**DIRECTIONS:**
Print the data below verbatim, minus images.

**GIVEN INFORMATION:**
##############################

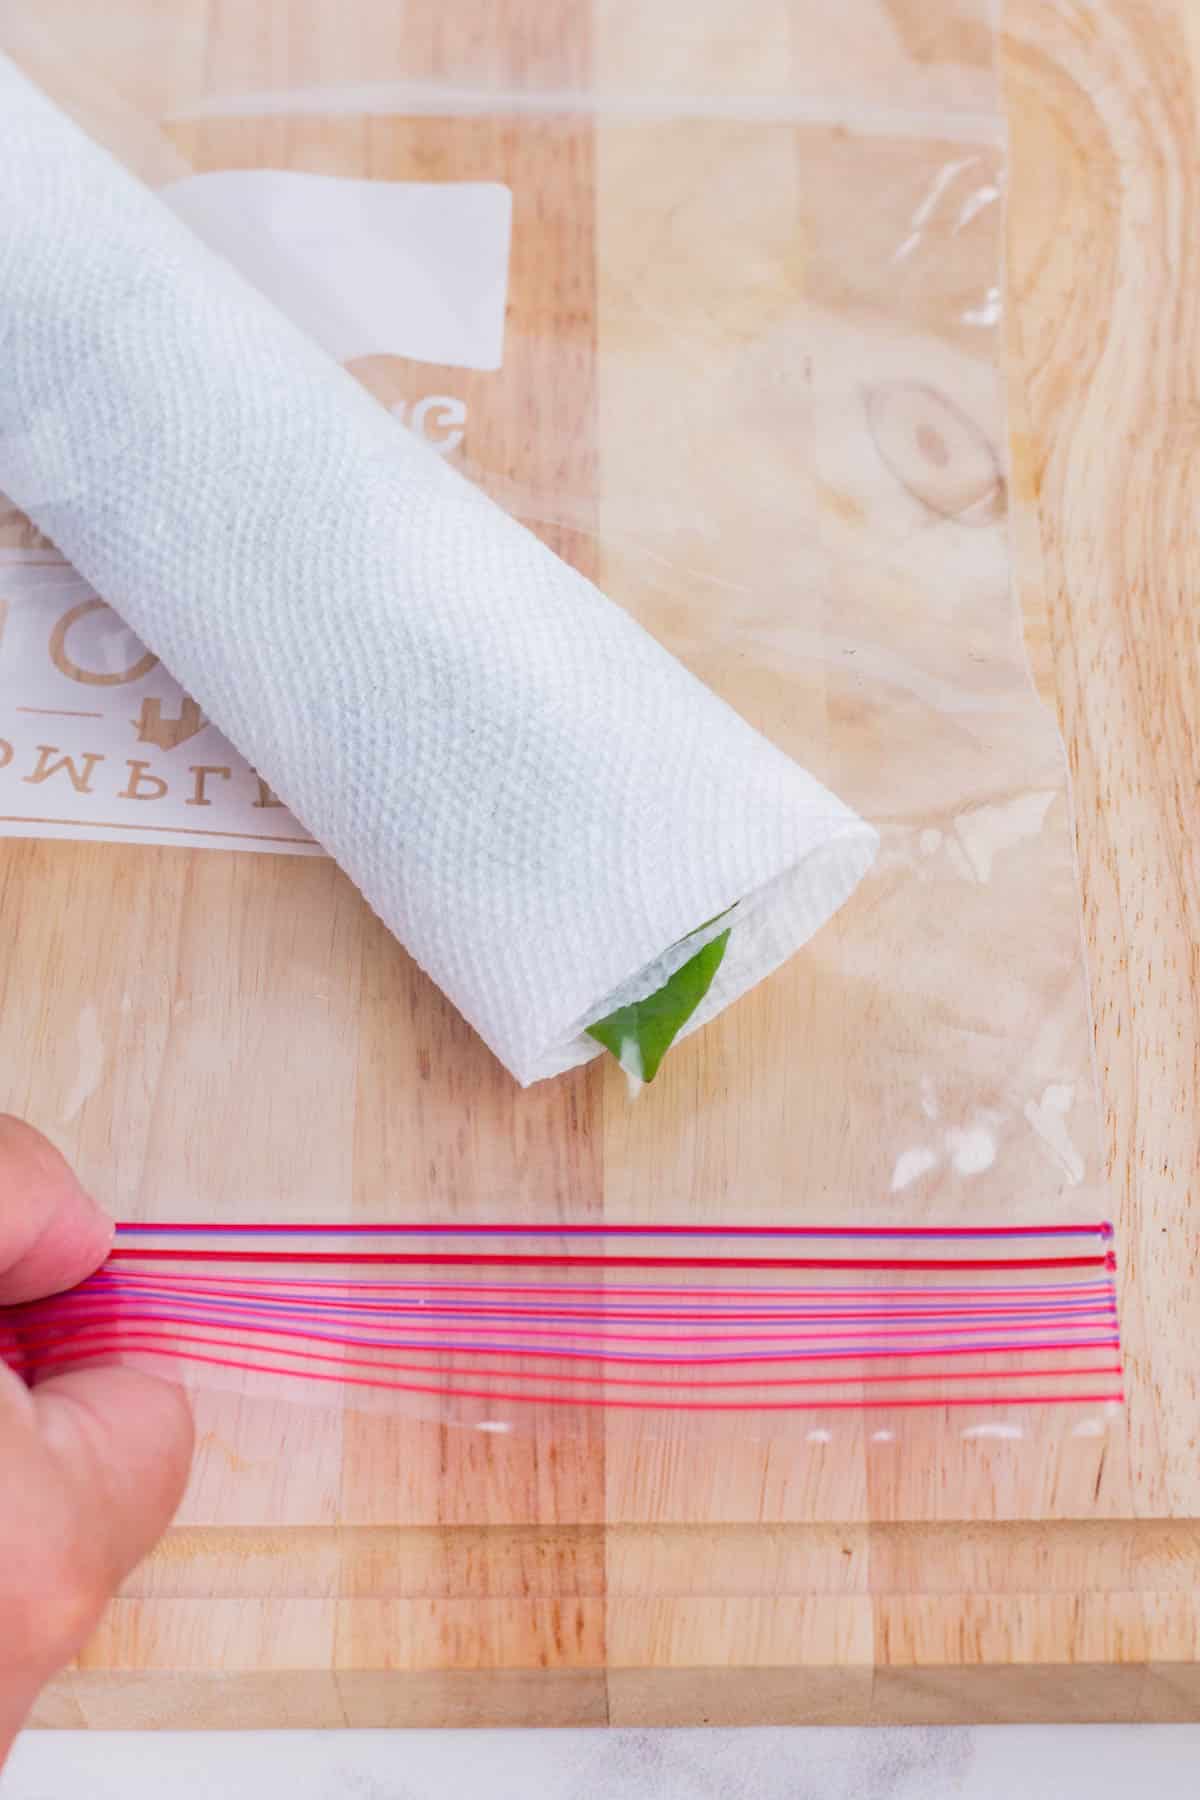 Fresh basil leaves rolled up in a dry paper towel inside a plastic bag.
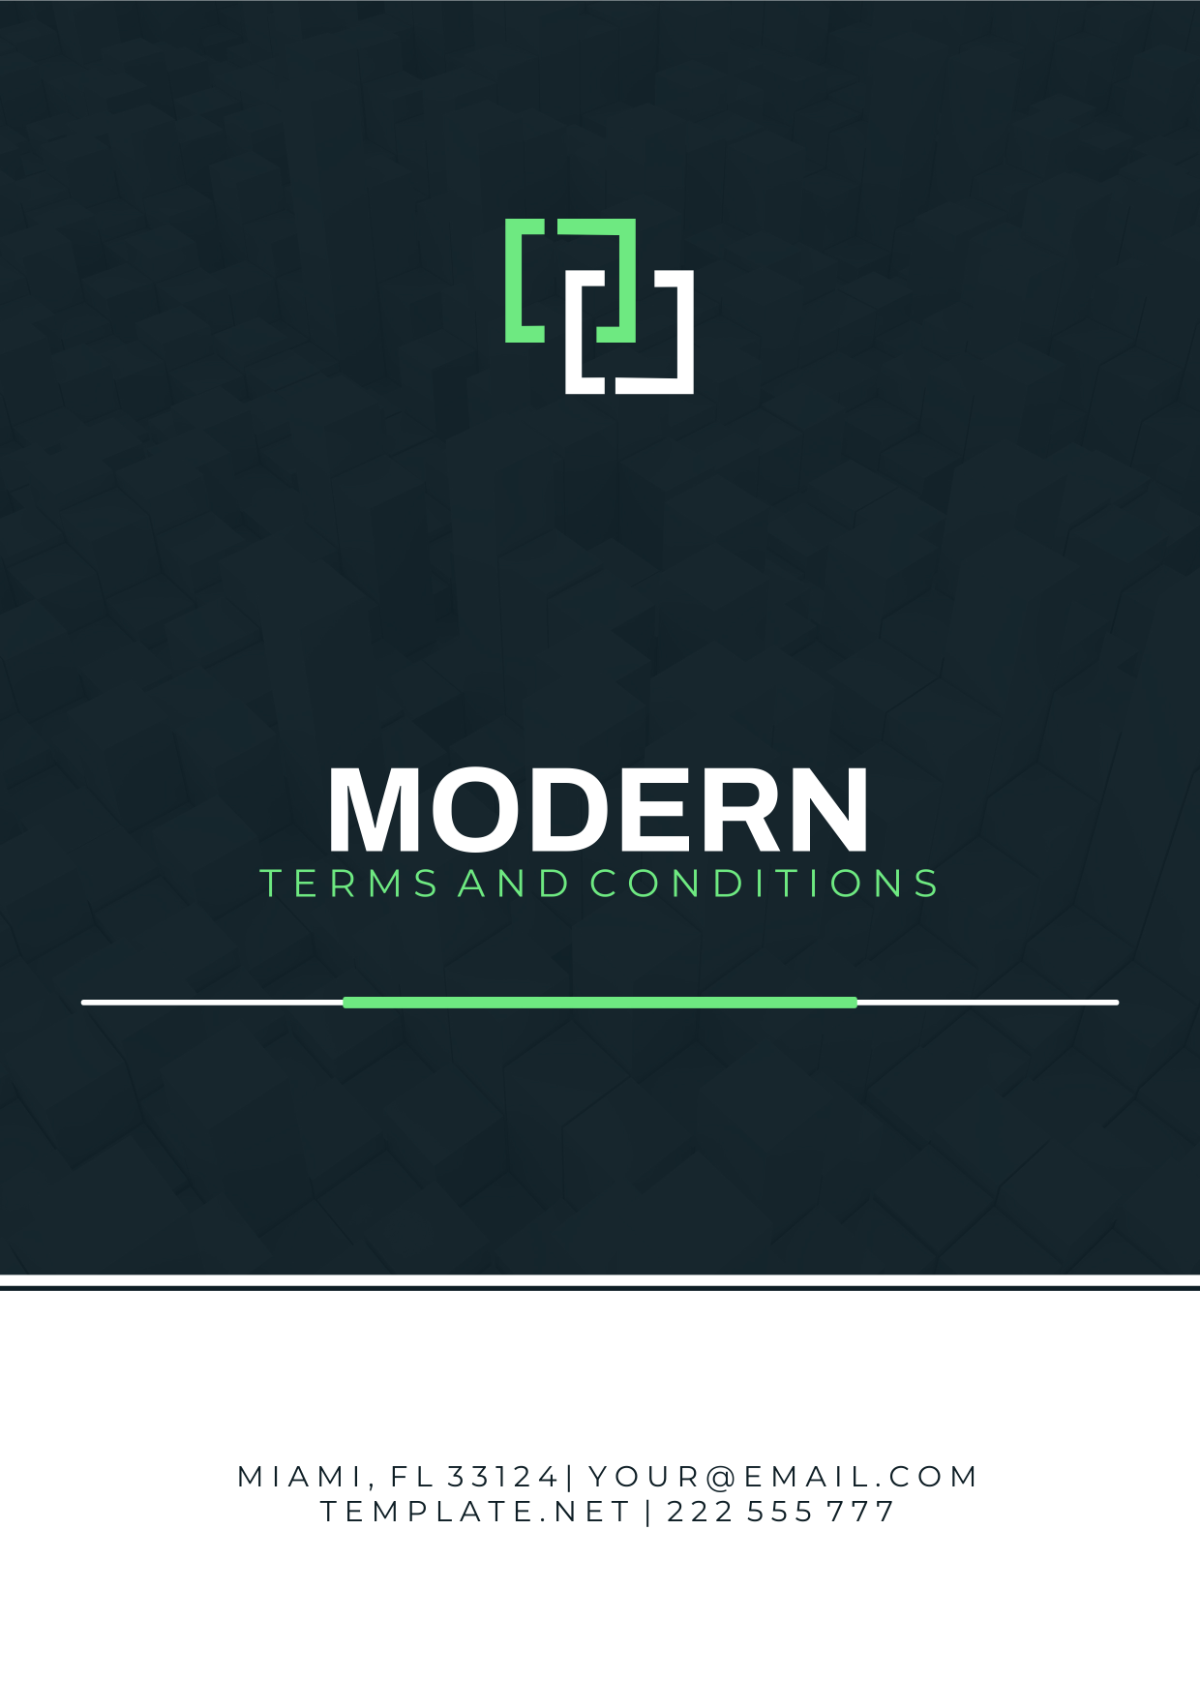 Modern Terms and Conditions Cover Page
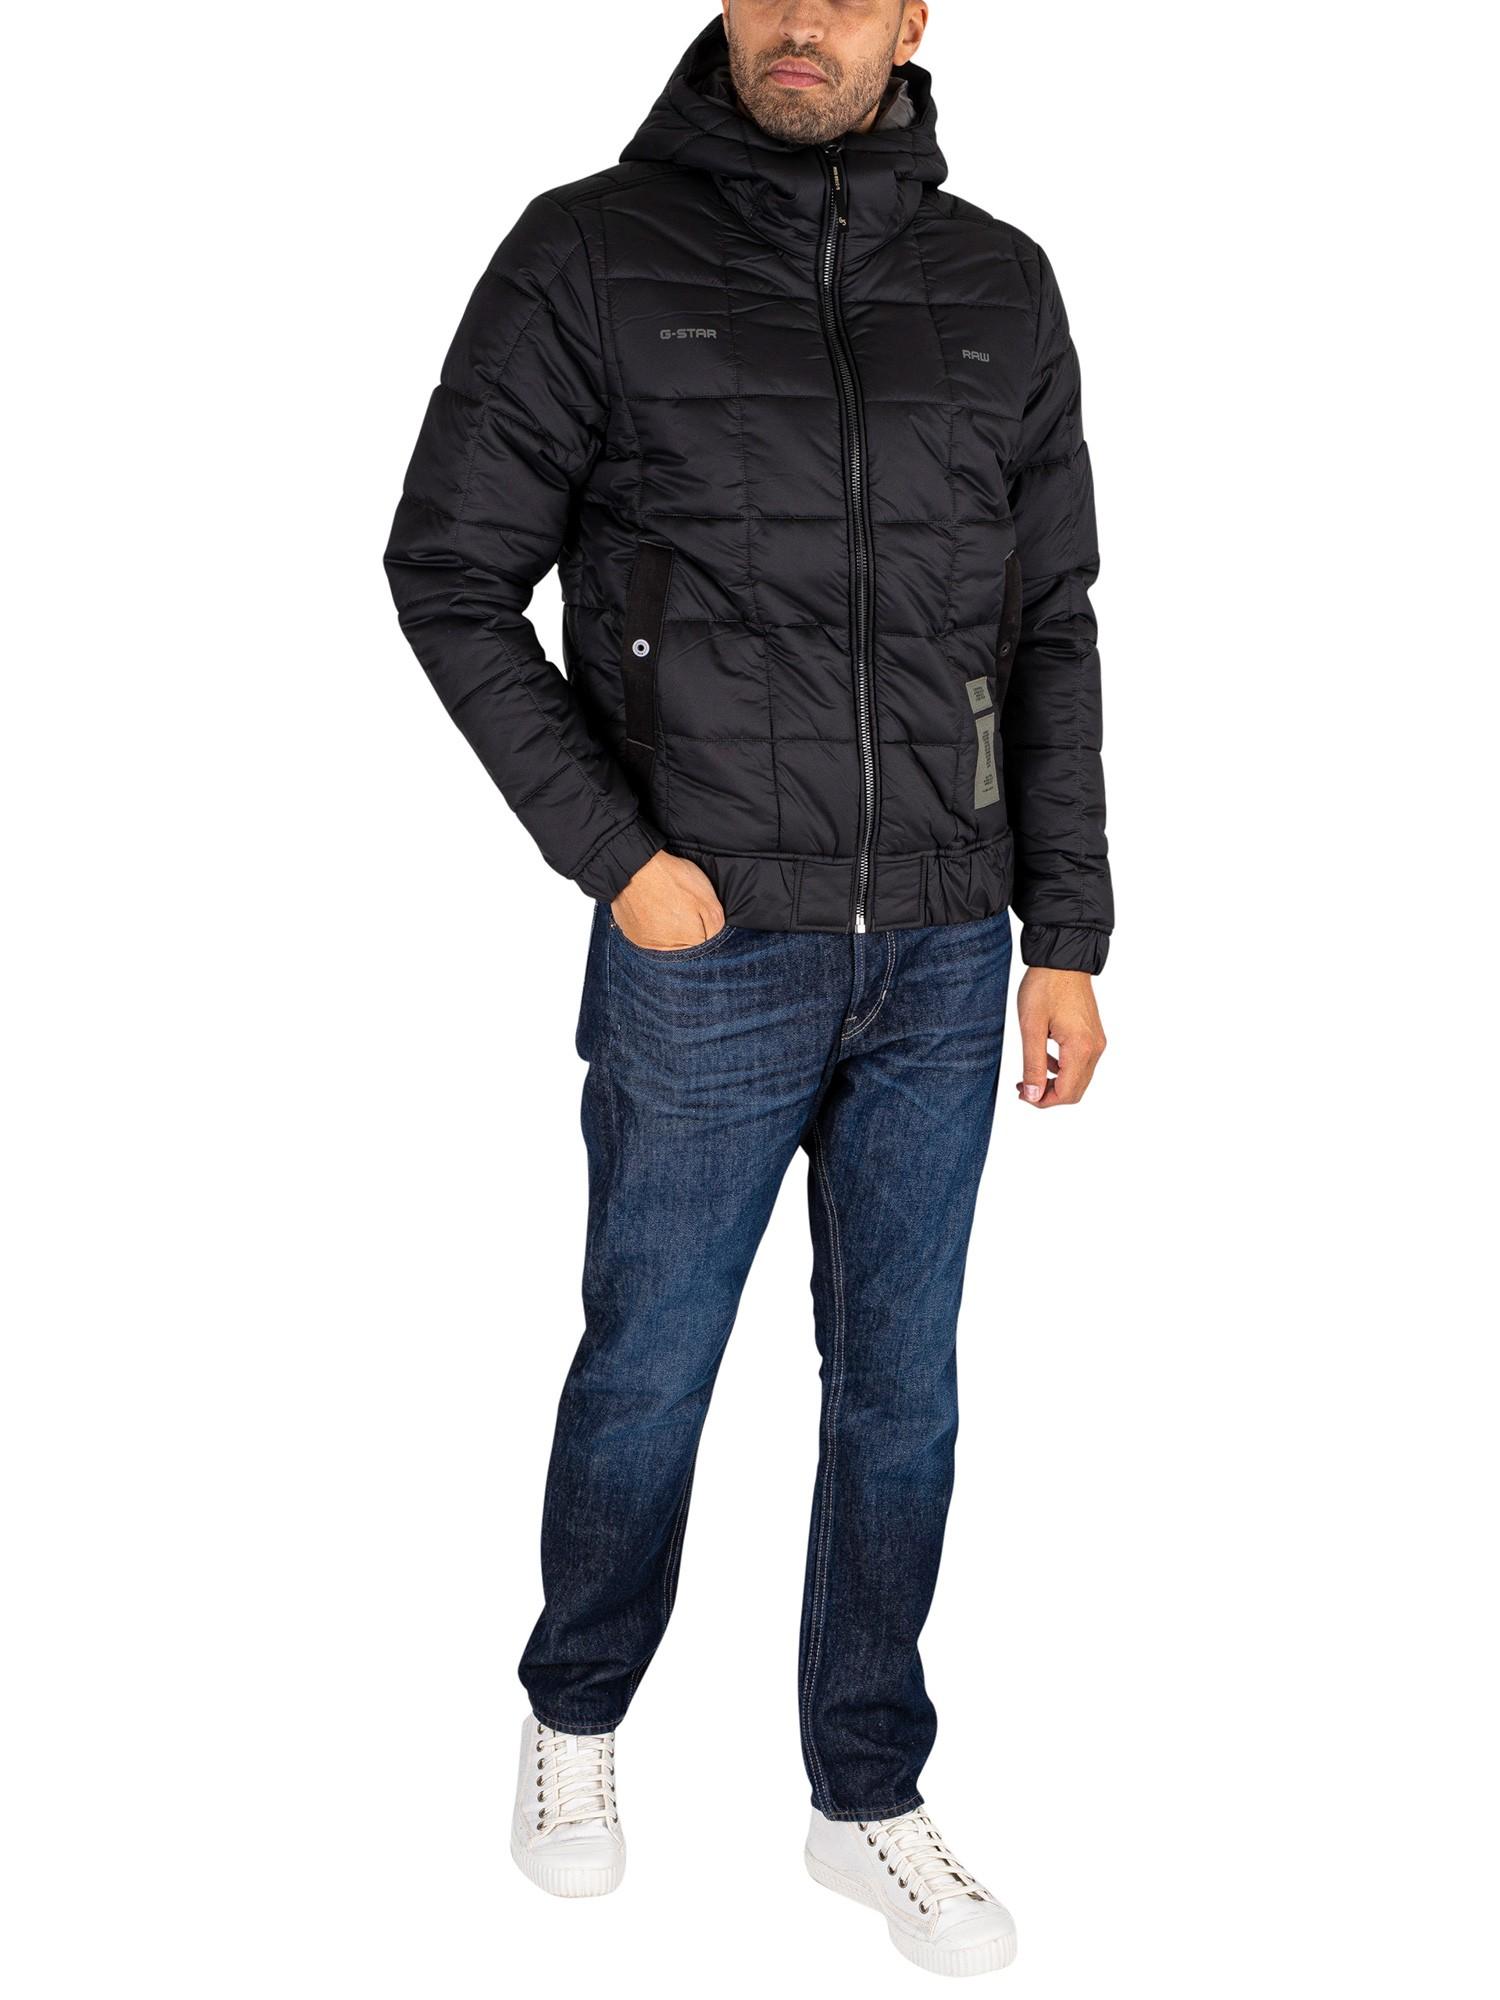 G-Star RAW Meefic Hooded Quilted Jacket in Black for Men | Lyst

##############################

**FINAL ANSWER:**
 Fresh basil leaves rolled up in a dry paper towel inside a plastic bag.
 Modern Terms and Conditions Cover Page
 G-Star RAW Meefic Hooded Quilted Jacket in Black for Men | Lyst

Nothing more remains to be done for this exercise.